- **WHAT THE EXERCISE ASKS**
Down to the final line, write out the material beneath exactly, without pictures.

- **RECORDED DATA**
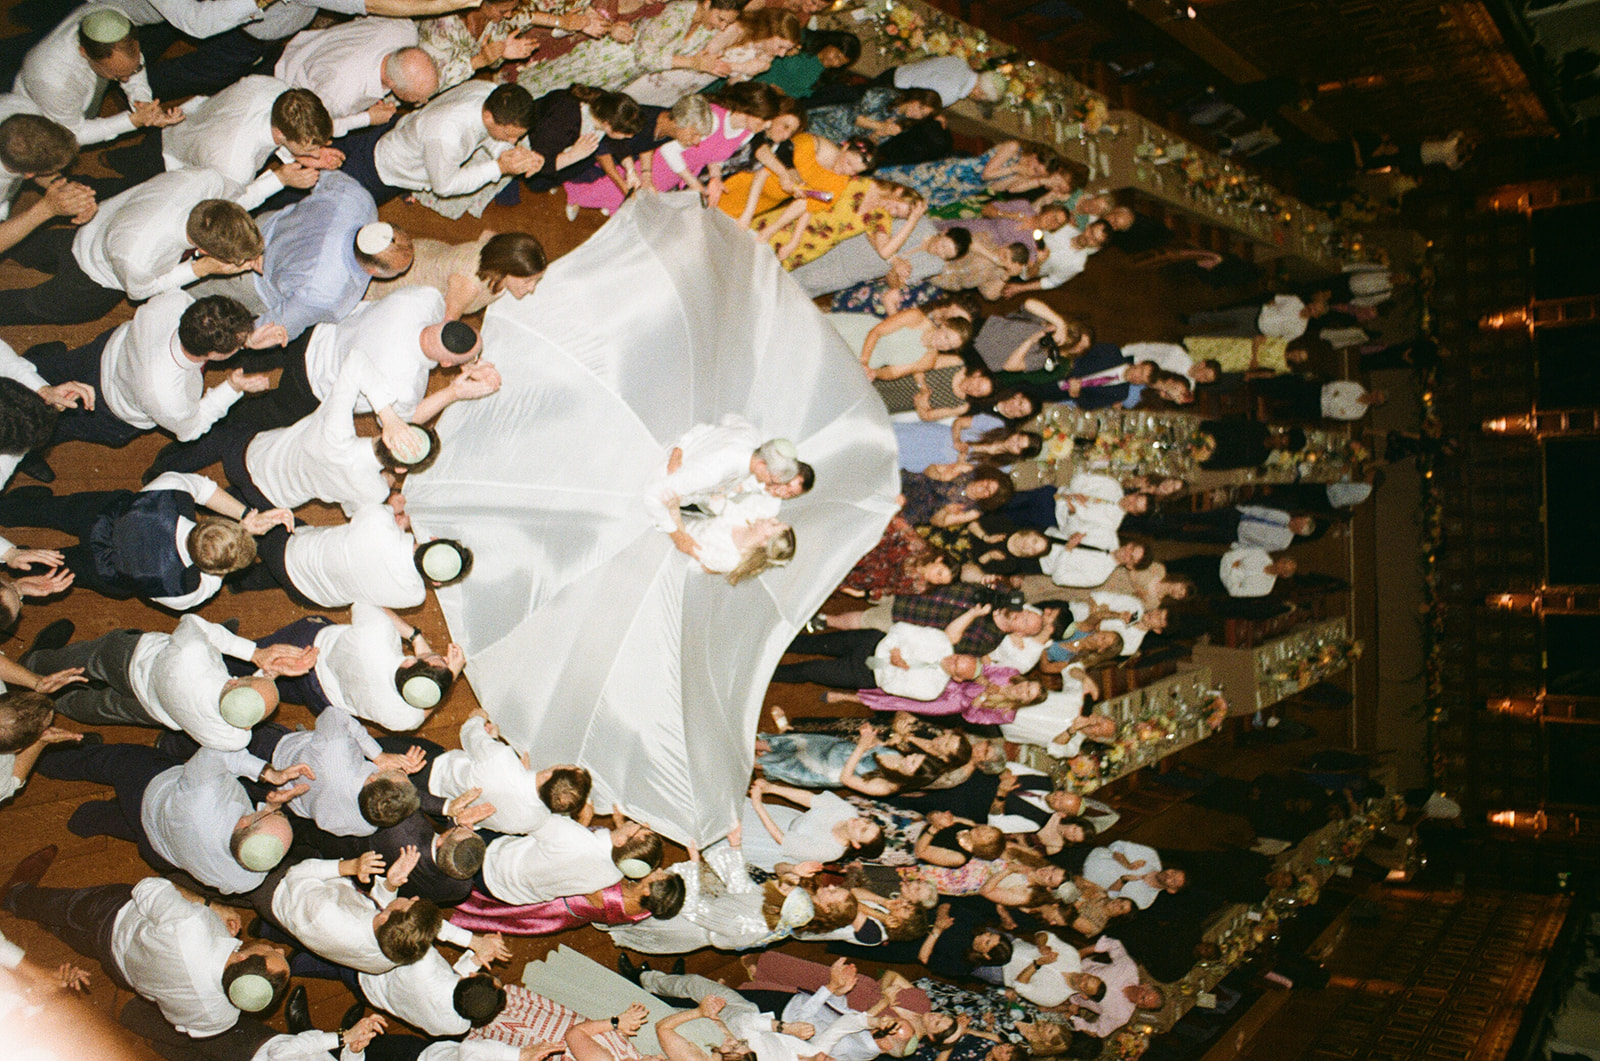 Traditional Jewish wedding dance where couple are in the middle of large white sheet
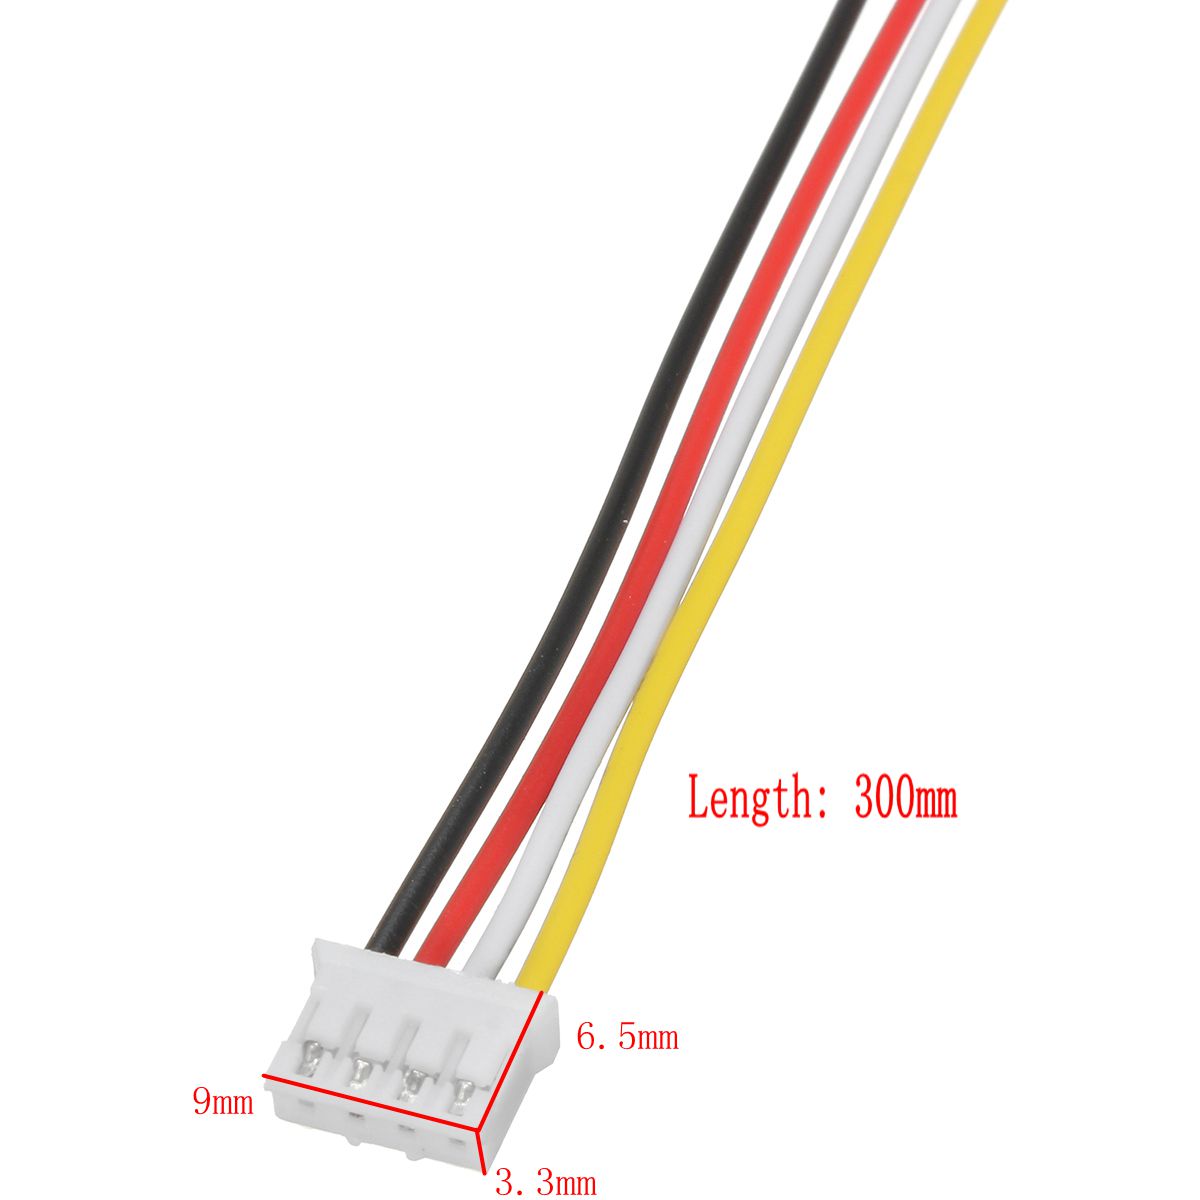 Excellwayreg-10-Sets-Mini-JST-20mm-PH-4Pin-26AWG-Male-Female-Connector-Plug-Wire-Cables-300mm-1195966-8
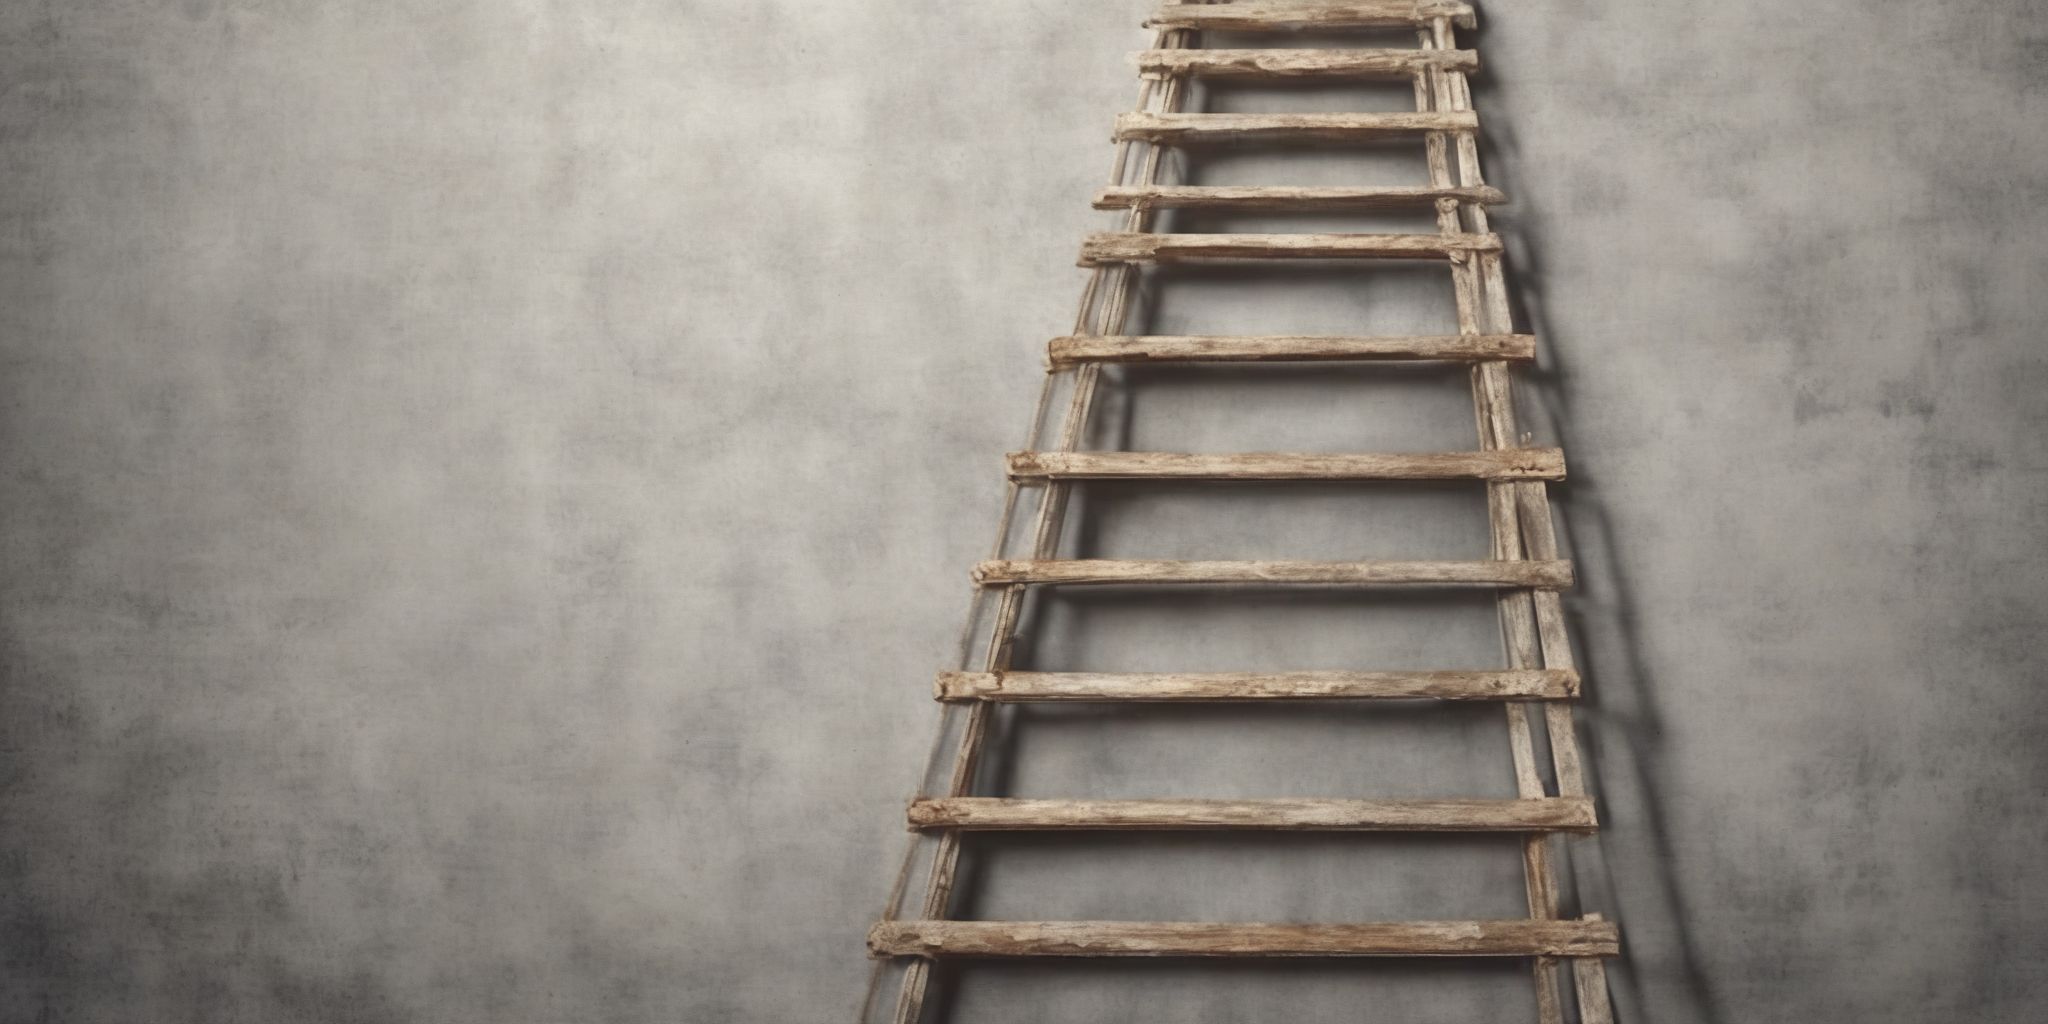 Investment ladder  in realistic, photographic style

- **WRITTEN SOLUTION**
 Traditional Jewish wedding dance where couple are in the middle of large white sheet
 Excellwayreg-10-Sets-Mini-JST-20mm-PH-4Pin-26AWG-Male-Female-Connector-Plug-Wire-Cables-300mm-1195966-8
 Investment ladder  in realistic, photographic style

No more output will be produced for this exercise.